Now you can send a prediction request to the running server, for example:

curl -X POST \
  http://localhost:9001/v1/models/aocr:predict \
  -H 'cache-control: no-cache' \
  -H 'content-type: application/json' \
  -d '{
  "signature_name": "serving_default",
  "inputs": {
     	"input": { "b64": "<your image encoded as base64>" }
  }
}'

REST API requires binary inputs to be encoded as Base64 and wrapped in an object containing a b64 key. See 'Encoding binary values' in Tensorflow Serving documentation

Google Cloud ML Engine

To train the model in the Google Cloud Machine Learning Engine, upload the training dataset into a Google Cloud Storage bucket and start a training job with the gcloud tool.

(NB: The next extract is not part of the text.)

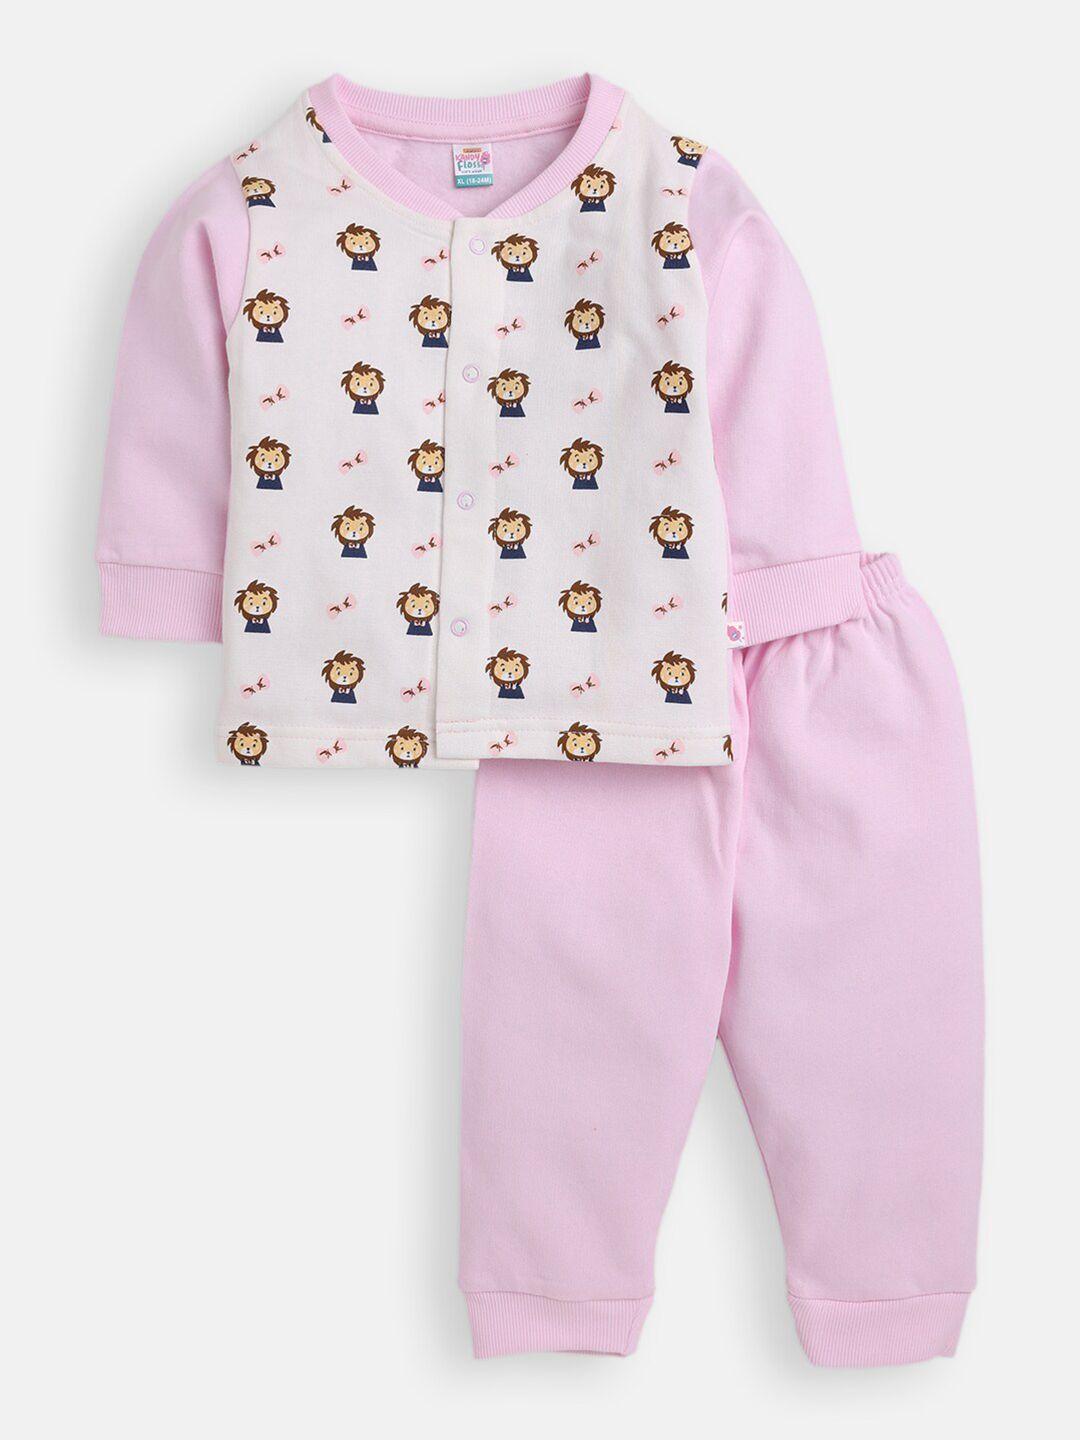 amul kandyfloss unisex kids pink & white printed t-shirt with pyjamas

  1. Set the environment variables:
# Prefix for the job name.
export JOB_PREFIX="aocr"

# Region to launch the training job in.
# Should be the same as the storage bucket region.
export REGION="us-central1"

# Your storage bucket.
export GS_BUCKET="gs://aocr-bucket"

# Path to store your training dataset in the bucket.
export DATASET_UPLOAD_PATH="training.tfrecords"
  1. Upload the training dataset:
gsutil cp ./datasets/training.tfrecords $GS_BUCKET/$DATASET_UPLOAD_PATH
  1. Launch the ML Engine job:
export NOW=$(date +"%Y%m%d_%H%M%S")
export JOB_NAME="$JOB_PREFIX$NOW"
export JOB_DIR="$GS_BUCKET/$JOB_NAME"

gcloud ml-engine jobs submit training $JOB_NAME \
    --job-dir=$JOB_DIR \
    --module-name=aocr \
    --package-path=aocr \
    --region=$REGION \
    --scale-tier=BASIC_GPU \
    --runtime-version=1.2 \
    -- \
    train $GS_BUCKET/$DATASET_UPLOAD_PATH \
    --steps-per-checkpoint=500 \
    --batch-size=512 \
    --num-epoch=20

Parameters

Global

  • log-path: Path for the log file.

Testing

  • visualize: Output the attention maps on the original image.

Exporting

  • format: Format for the export (either savedmodel or frozengraph).

Training

  • steps-per-checkpoint: Checkpointing (print perplexity, save model) per how many steps
  • num-epoch: The number of whole data passes.
  • batch-size: Batch size.
  • initial-learning-rate: Initial learning rate, note the we use AdaDelta, so the initial value does not matter much.
  • target-embedding-size: Embedding dimension for each target.
  • attn-num-hidden: Number of hidden units in attention decoder cell.
  • attn-num-layers: Number of layers in attention decoder cell. (Encoder number of hidden units will be attn-num-hidden*attn-num-layers).
  • no-resume: Create new weights even if there are checkpoints present.
  • max-gradient-norm: Clip gradients to this norm.
  • no-gradient-clipping: Do not perform gradient clipping.
  • gpu-id: GPU to use.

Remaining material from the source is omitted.